Latest revision as of 16:26, 3 July 2023

The following problem is from both the 2003 AMC 12B #14 and 2003 AMC 10B #20, so both problems redirect to this page.

Problem

In rectangle $ABCD, AB=5$ and $BC=3$ . Points $F$ and $G$ are on $\overline{CD}$ so that $DF=1$ and $GC=2$ . Lines $AF$ and $BG$ intersect at $E$ . Find the area of $\triangle AEB$ .

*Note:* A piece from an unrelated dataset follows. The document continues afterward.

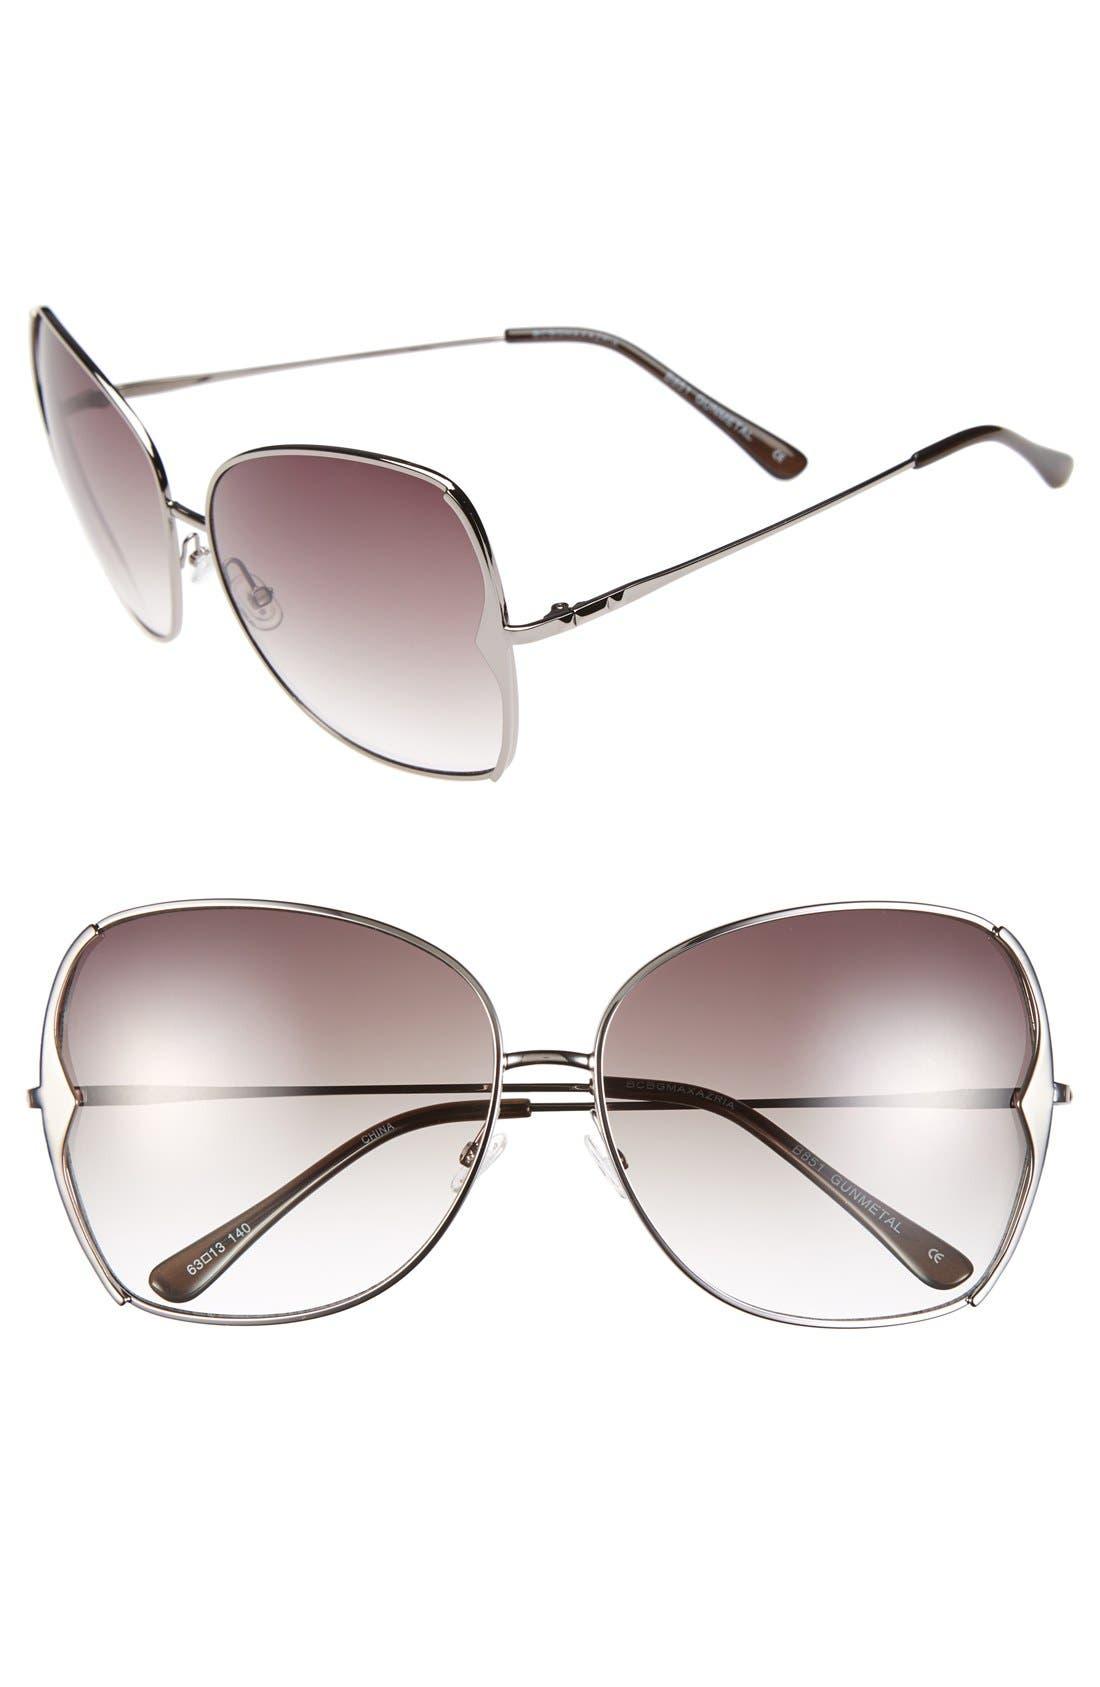 BCBGMAXAZRIA 63mm Butterfly Sunglasses, Main, color, 020
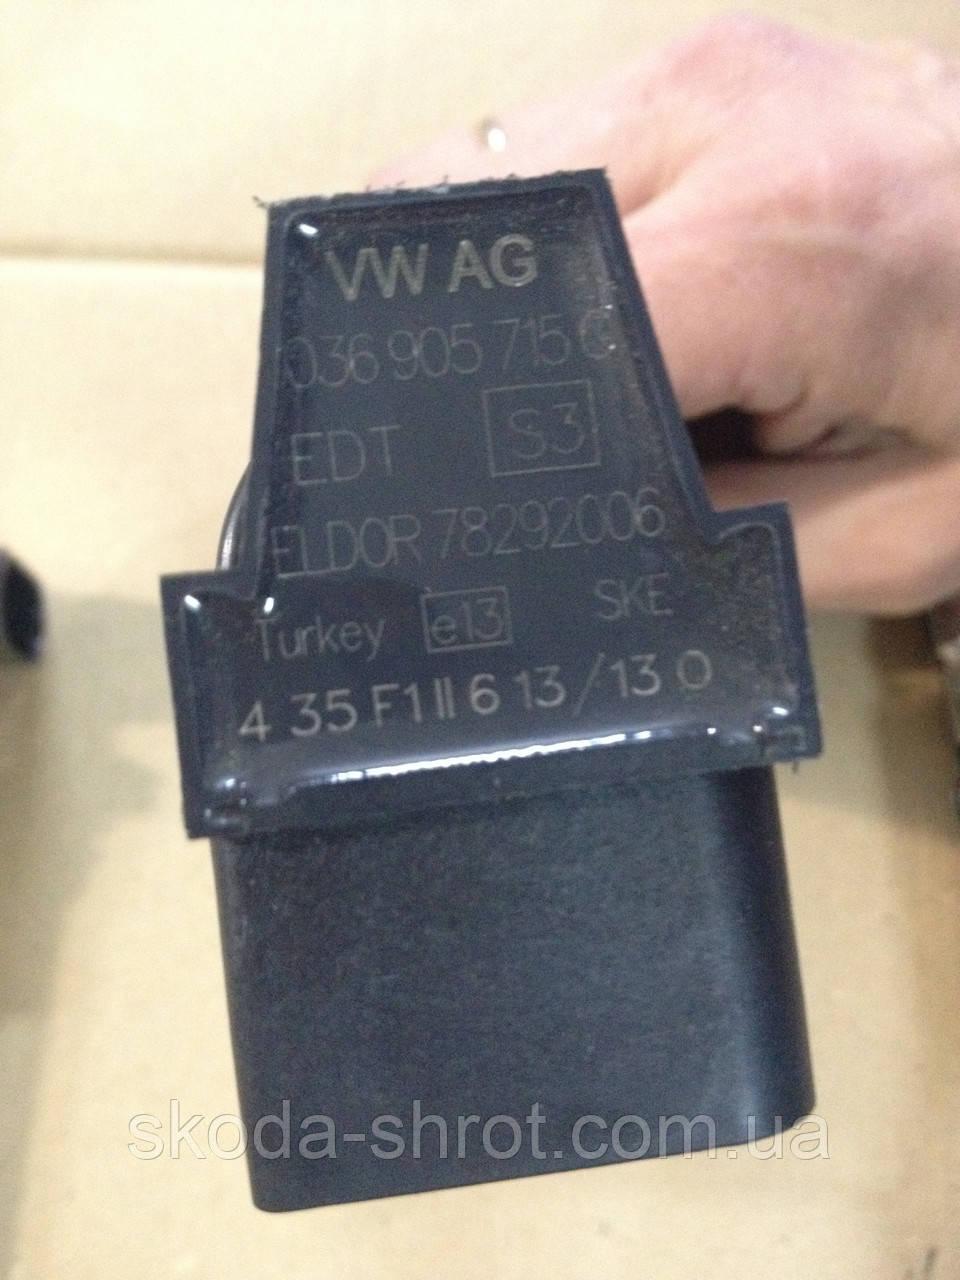 Катушка зажигания Шкода Фабия - II 1.4 бензин (шкода фабия) 036905715G

$[asy] unitsize(8mm); defaultpen(linewidth(.8pt)+fontsize(10pt)); dotfactor=0; pair A=(0,0), B=(5,0), C=(5,3), D=(0,3); pair F=(1,3), G=(3,3); pair E=(5/3,5); draw(A--B--C--D--cycle); draw(A--E); draw(B--E); pair[] ps={A,B,C,D,E,F,G}; dot(ps); label("$A$",A,SW); label("$B$",B,SE); label("$C$",C,NE); label("$D$",D,NW); label("$E$",E,N); label("$F$",F,SE); label("$G$",G,SW); label("$1$",midpoint(D--F),N); label("$2$",midpoint(G--C),N); label("$5$",midpoint(A--B),S); label("$3$",midpoint(A--D),W); [/asy]$

$\textbf{(A) } 10 \qquad\textbf{(B) } \frac{21}{2} \qquad\textbf{(C) } 12 \qquad\textbf{(D) } \frac{25}{2} \qquad\textbf{(E) } 15$

Solution 1

$\triangle EFG \sim \triangle EAB$ because $FG \parallel AB.$ The ratio of $\triangle EFG$ to $\triangle EAB$ is $2:5$ since $AB=5$ and $FG=2$ from subtraction. If we let $h$ be the height of $\triangle EAB,$

$\frac{2}{5} = \frac{h-3}{h}$ $2h = 5h-15$ $3h = 15$ $h = 5$

The height is $5$ so the area of $\triangle EAB$ is $\frac{1}{2}(5)(5) = \boxed{\textbf{(D)}\ \frac{25}{2}}$ .

Solution 2

We can look at this diagram as if it were a coordinate plane with point $A$ being $(0,0)$ . This means that the equation of the line $AE$ is $y=3x$ and the equation of the line $EB$ is $y=\frac{-3}{2}x+\frac{15}{2}$ . From this we can set of the follow equation to find the $x$ coordinate of point $E$ :

$3x=\frac{-3}{2}x+\frac{15}{2}$ $6x=-3x+15$ $9x=15$ $x=\frac{5}{3}$

We can plug this into one of our original equations to find that the $y$ coordinate is $5$ , meaning the area of $\triangle EAB$ is $\frac{1}{2}(5)(5) = \boxed{\textbf{(D)}\ \frac{25}{2}}$

Solution 3

At points $A$ and $B$ , segment $AE$ is 5 units from segment $BE$ . At points $F$ and $G$ , the segments are 2 units from each other. This means that collectively, the two lines closed the distance between them by 3 units over a height of 3 units. Therefore, to close the next two units of distance, they will have to travel a height of 2 units.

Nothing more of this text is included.